Maurice De Vlaminck - The colors of the wild beasts

Proudly self-taught, Maurice de Vlaminck, born in Paris, the son of musicians, was supposed to become a violinist. At the age of 24 he visited an exhibition and saw some paintings by Van Gogh: he wanted to become a painter and use colors like him.

Critics invented the nickname "wild beasts" (fauve) to bring together painters with characteristics similar to De Vlaminck. Use of pure colors without correspondence with reality, abolition of perspective, use of a marked contour line.

For the "fauves" (Matisse, Derain, Dufy and others) nature is only a pretext from which to take lines and spaces and recompose them to give colors the possibility of expressing themselves directly.

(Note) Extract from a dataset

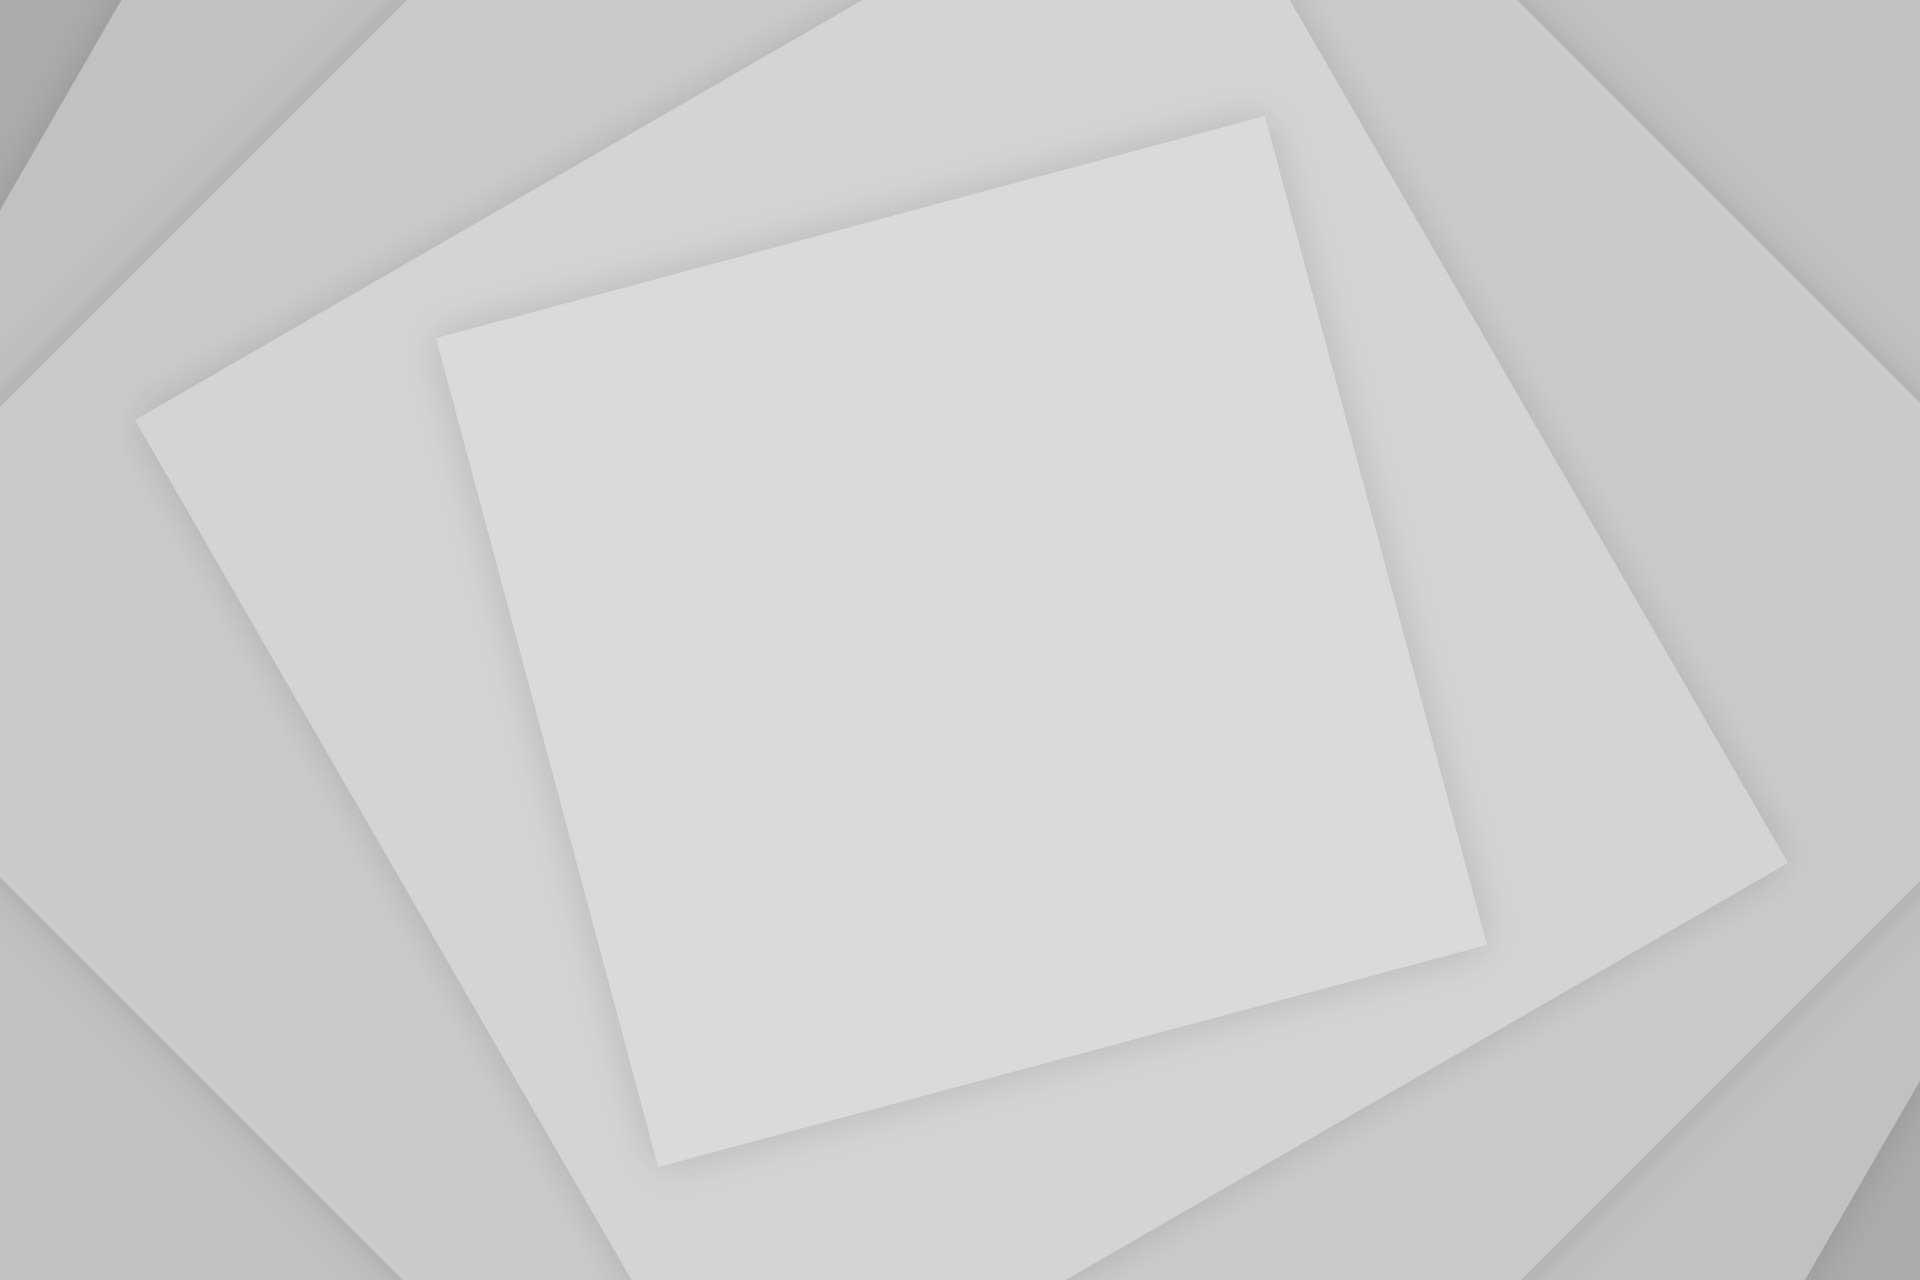 Наказ МОЗ України від 27.03.2018 №553 «Про державну реєстрацію (перереєстрацію) лікарських засобів (медичних імунобіологічних препаратів) та внесення змін до реєстраційних матеріалів»

Here the tree trunks turn red, the orange sky and blue leaves. The color, sometimes, spread directly from the tube without even using the brush.

Van Gogh had freed painting from the obligation of fidelity to the real datum, overcoming even the impressionist experience. And the "fauves", which never became a real movement due to the lack of a program and organic cohesion among the painters, were however the link to expressionism.

They affirmed and wanted a free, immediate art, without social, philosophical or literary implications, almost the opposite of contemporary Cubism.

“I didn't ask for anything. Life has given me everything. I did what I could, I painted what I saw »Maurice De Vlaminck.